Saturday, January 5, 2013

Political Football Over Disaster Relief: Another Argument for Public Banking

Political Football Over Disaster Relief: Another Argument for Public Banking

  by Ellen Brown

Hurricane Sandy hits Long Island by McCormickFoundation.org

In a shameless display of putting politics before human needs, Congress began 2013 still scrapping over a $60 billion Hurricane Sandy relief bill fully nine weeks after the disaster hit. And if the Katrina experience is any indication, the bill may not bring adequate relief to struggling and displaced homeowners even when it is finally passed. 

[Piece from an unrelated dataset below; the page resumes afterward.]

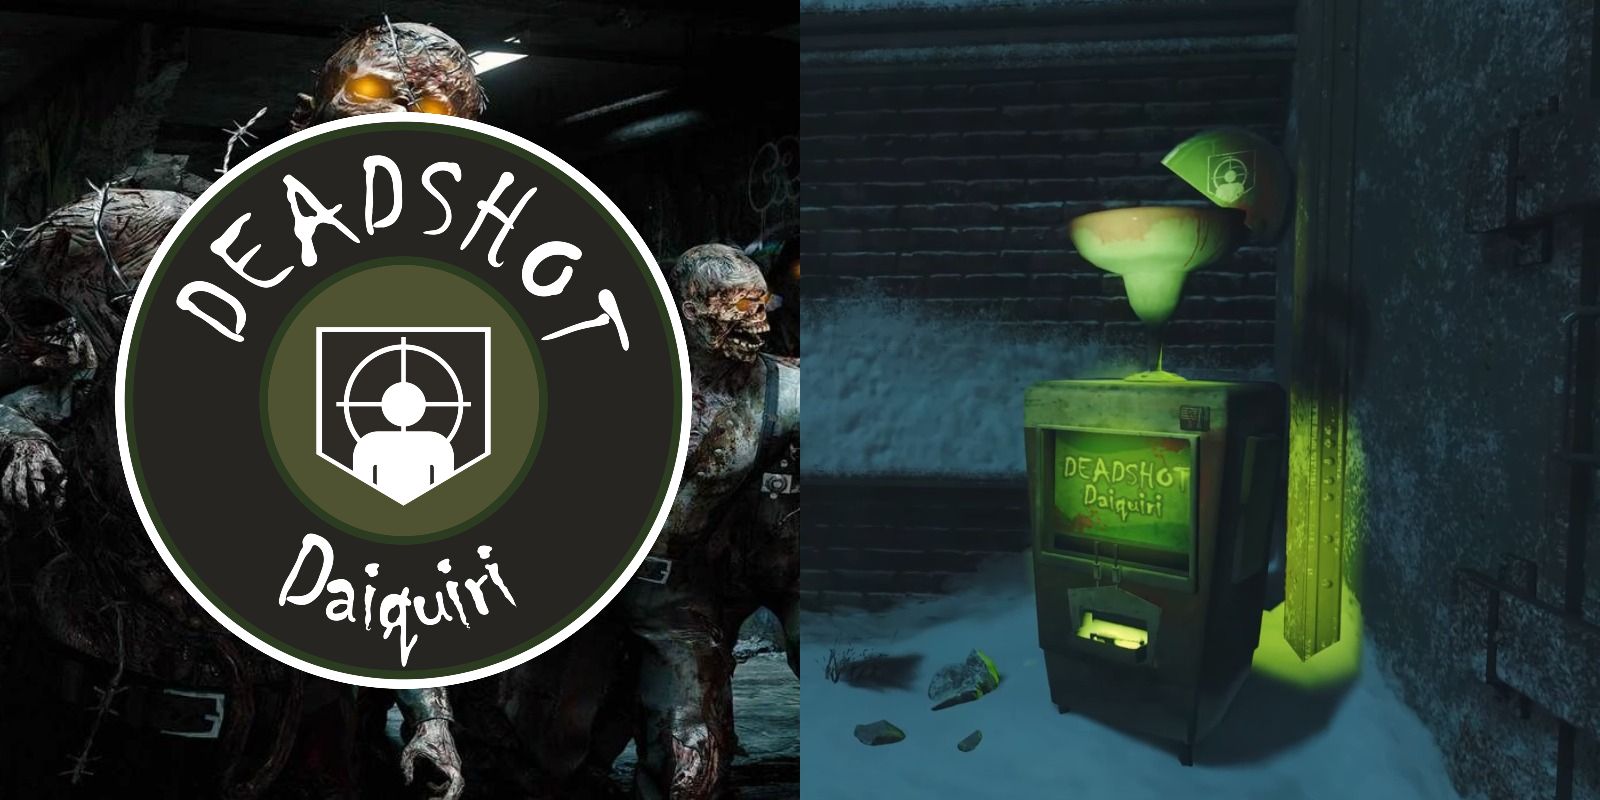 Deadshot Daiquiri soda machine and logo in Call Of Duty franchise

The damage wrought by Sandy to New York and New Jersey coastal areas was similar in scale   to that to New Orleans from Hurricane Katrina in 2005. Just two weeks after Katrina hit, Congress approved $62.3 billion in emergency appropriations, along with numerous subsequent emergency funding requests to cover the damages, which topped $100 billion. Yet as noted on the Occupy Sandy Facebook page, federal relief funds post-Katrina were gutted in favor of "privatizing and outsourcing relief, making room for predatory lenders, disaster capitalists, and gentrification developers." 
 
Most people believe they are protected from disaster by their insurance policies or by the Federal Emergency Management Agency (FEMA).  But many Sandy victims have found that their insurance policies included obscure provisions that excluded coverage, depending on such things as whether the disaster was officially classified as a "hurricane" or a "tropical storm," and whether the damage was from "wind" or "flood."  And the only aid they have been offered by FEMA, working in partnership with Small Business Administrative Disaster Assistance , is the opportunity to take on more debt.  According to a report by Strike Debt :
[T]he vast majority of FEMA's resources and efforts are spent on public assistance grant programs that provide infrastructure restoration. Individual victims of disaster are mostly offered personal loans to help them "get back on their feet." Although these loans might seem good on the surface, they have many features of predatory subprime lending techniques and ultimately make long-term financial burden the precondition for "recovery."